Uber will not send you a 1099 if you made under $20k. You should have kept track of your driving miles and expenses. Good thing you didn't make much. Turbo tax did make it easier for me. Sounds like you might want to talk to a tax specialist.


----------



## AuxCordBoston (Dec 3, 2016)

MadePenniesToday said:


> Uber will not send you a 1099 if you made under $20k. You should have kept track of your driving miles and expenses. Good thing you didn't make much. Turbo tax did make it easier for me. Sounds like you might want to talk to a tax specialist.


My Uber 1099 shows approx $19,000. That's under 20k.


----------



## MadePenniesToday (Feb 24, 2017)

AuxCordBoston said:


> My Uber 1099 shows approx $19,000. That's under 20k.


 Straight from uber's mouth not mine.


----------



## garcia1968 (Mar 5, 2019)

MadePenniesToday said:


> Uber will not send you a 1099 if you made under $20k.

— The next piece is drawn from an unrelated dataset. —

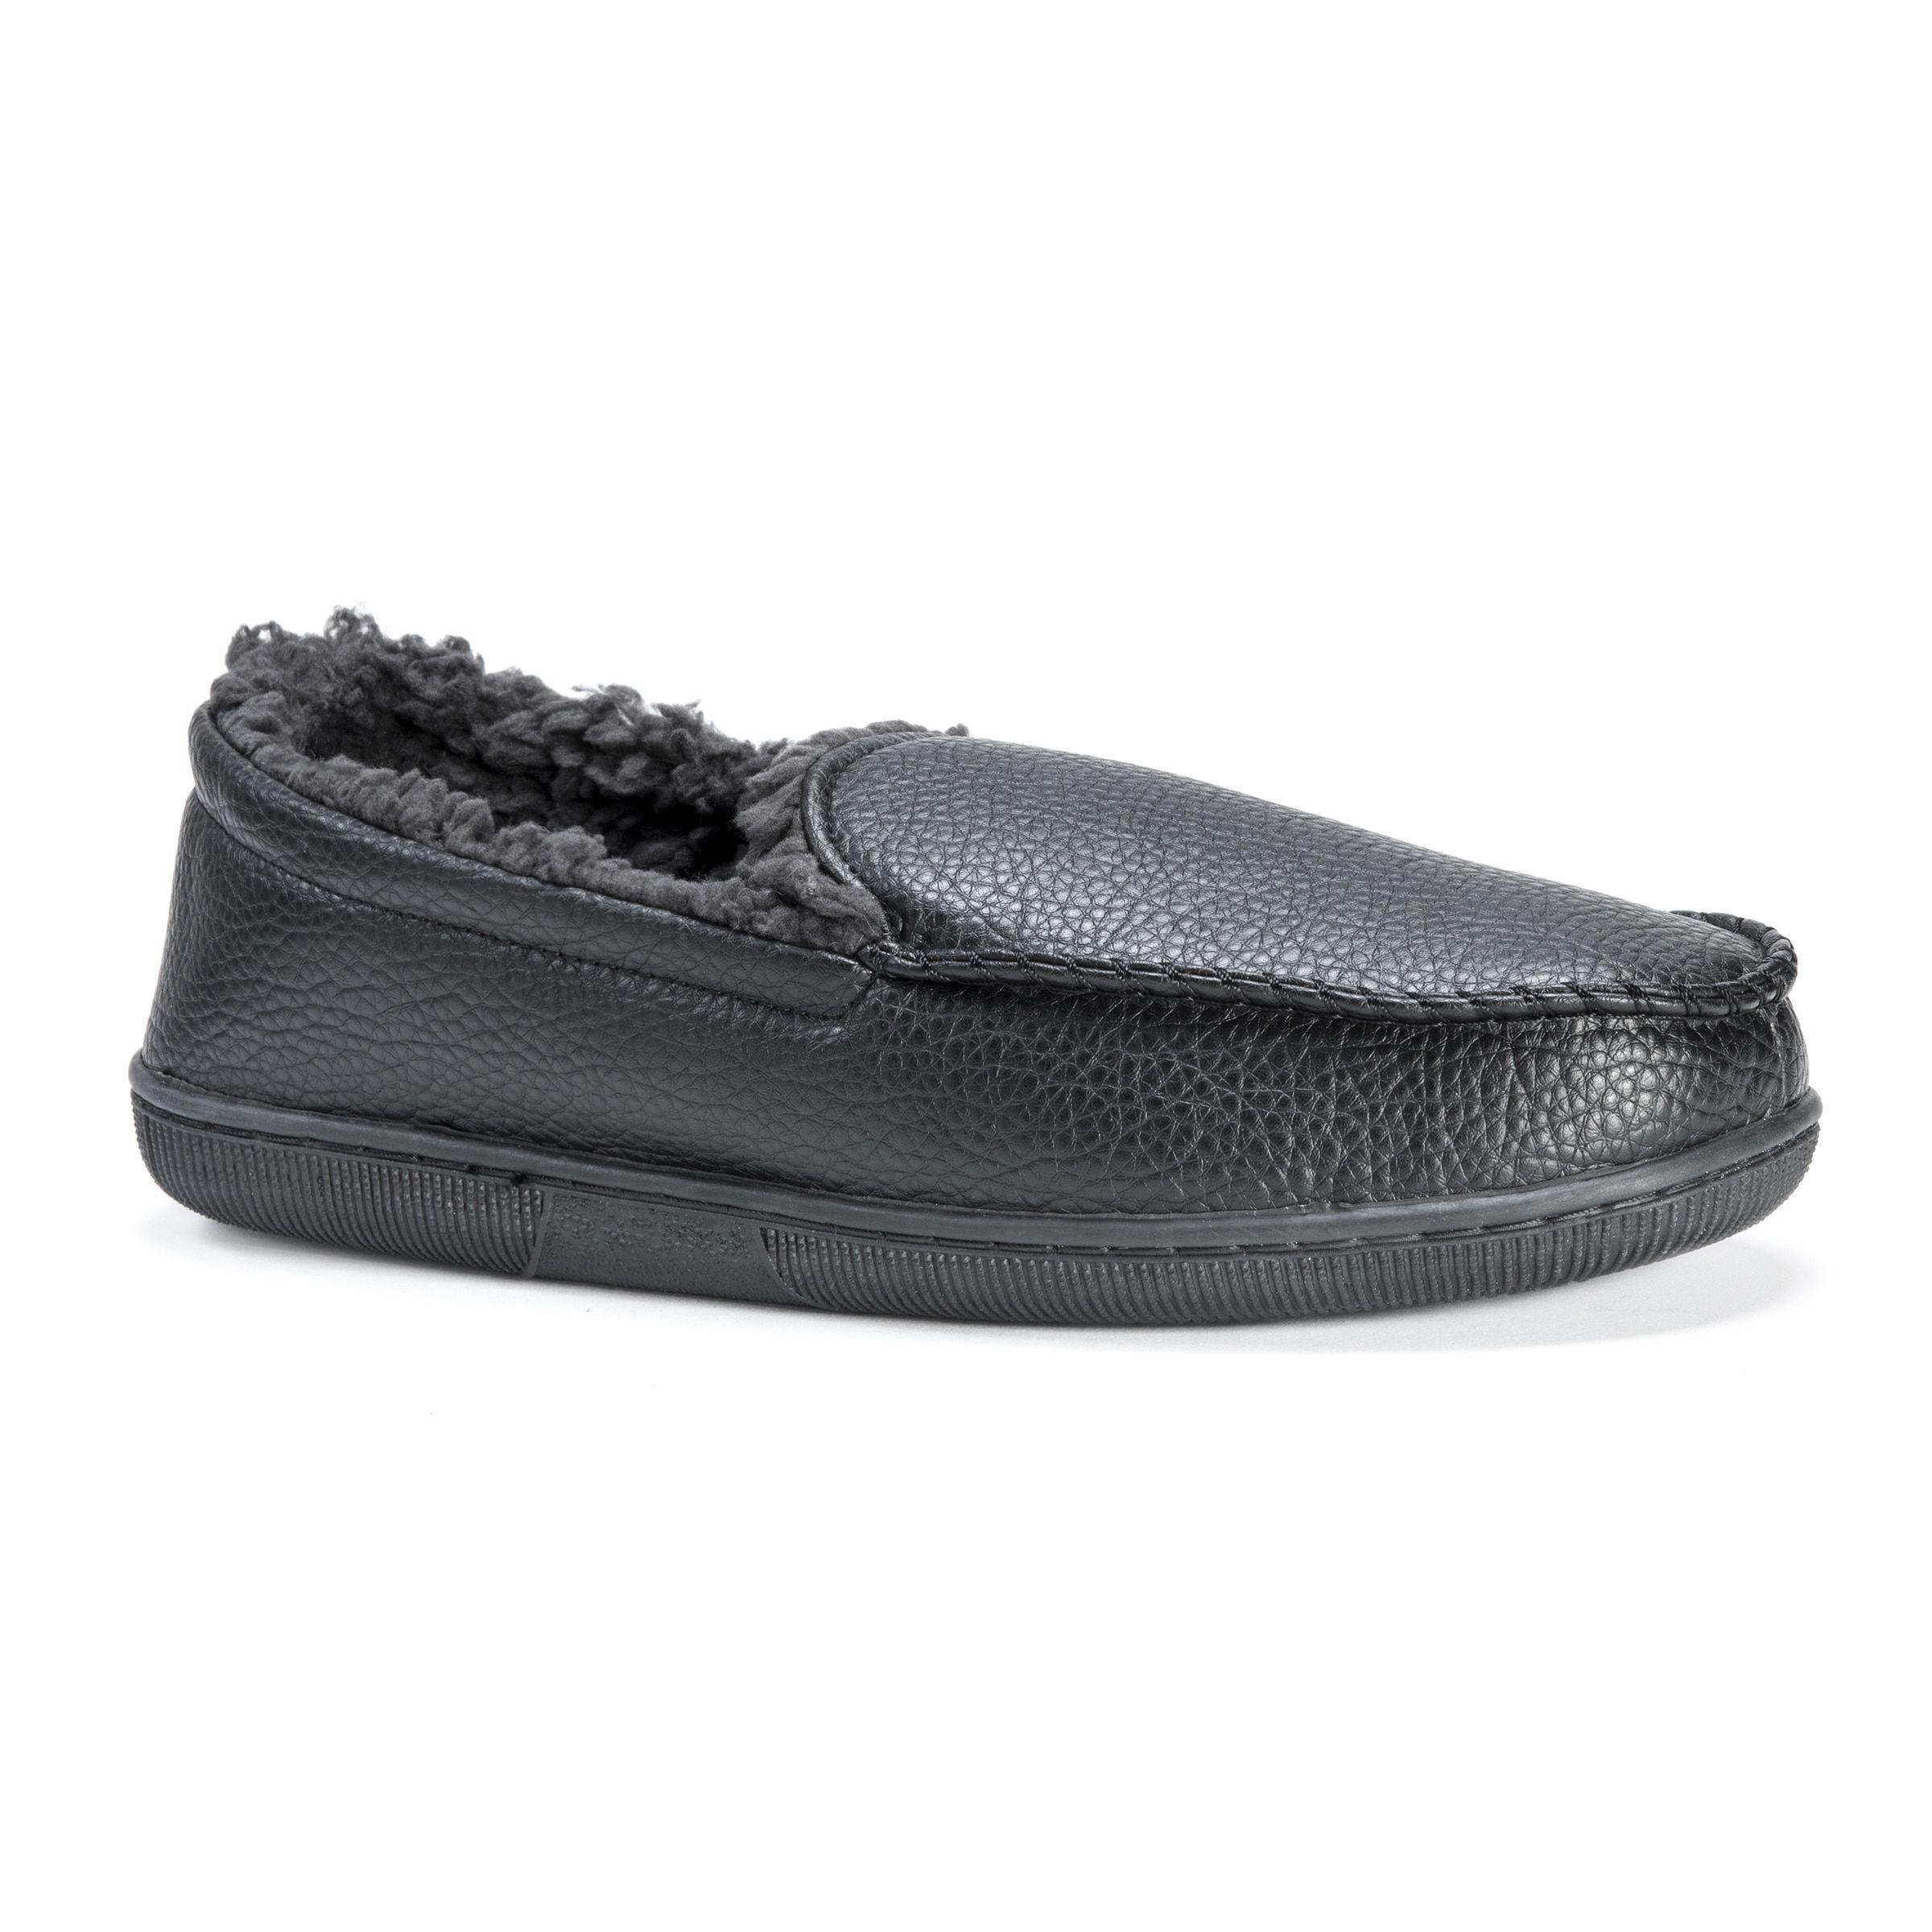 Muk Luks Men's /Polyurethane Moccasin Slippers

You should have kept track of your driving miles and expenses. Good thing you didn't make much. Turbo tax did make it easier for me. Sounds like you might want to talk to a tax specialist.

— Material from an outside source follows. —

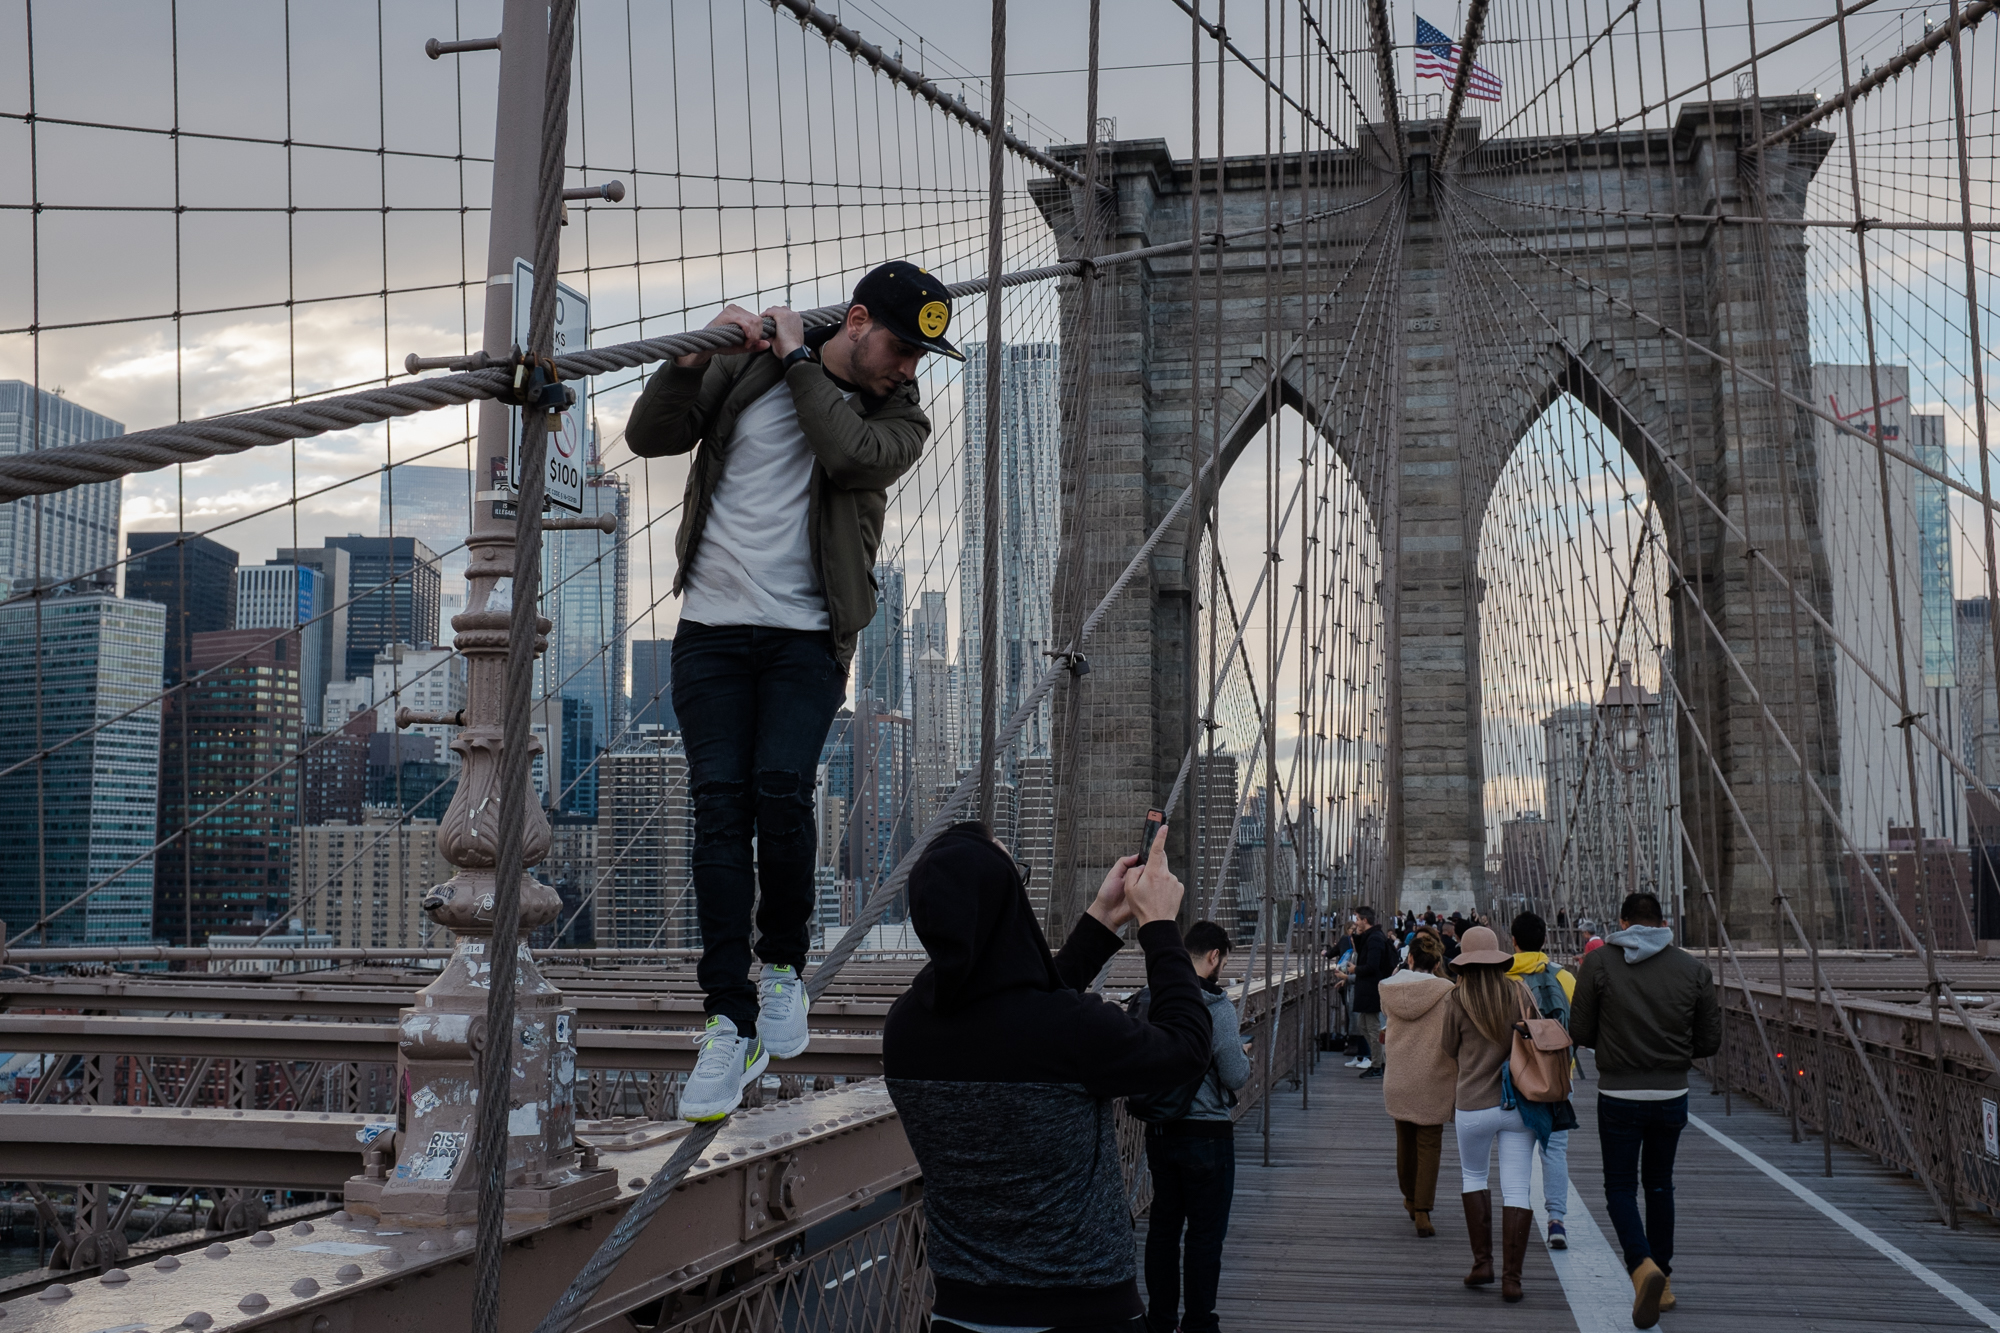 Did you get the photo? Brooklyn Bridge.

From what I understand, you will get a 1099K if you made 20K plus. If you made at least 600, you should get a 1099 misc and that is what I am expecting.


----------



## UberTaxPro (Oct 3, 2014)

garcia1968 said:


> From what I understand, you will get a 1099K if you made 20K plus. If you made at least 600, you should get a 1099 misc and that is what I am expecting.


Correct on the 1099K for rider income. The 1099M is only for non-rider income


----------



## Mike-CMH (Sep 19, 2016)

Yeah, the tax thing has changed since last year. You just get some fancy looking breakdown on the partners website.
I was using TaxAct for the past few years doing my taxes. It's kind of frustrating to do it manually and I was never 100% confident I added all the figures in all the correct boxes (but the math was always right).

Decided to click on the TurboTax link (for free Self Employed) filing this year. Woohoo. I wish I used them long time ago. Turbo Tax is has special features for Rideshare and much easier. In fact, after asking me about if I worked for Uber/Lyft , it then provided a link to click to import all the information. I mean literally, it popped up a login for Uber and Lyft website and just poof, all my numbers were imported. This year was a breeze.


----------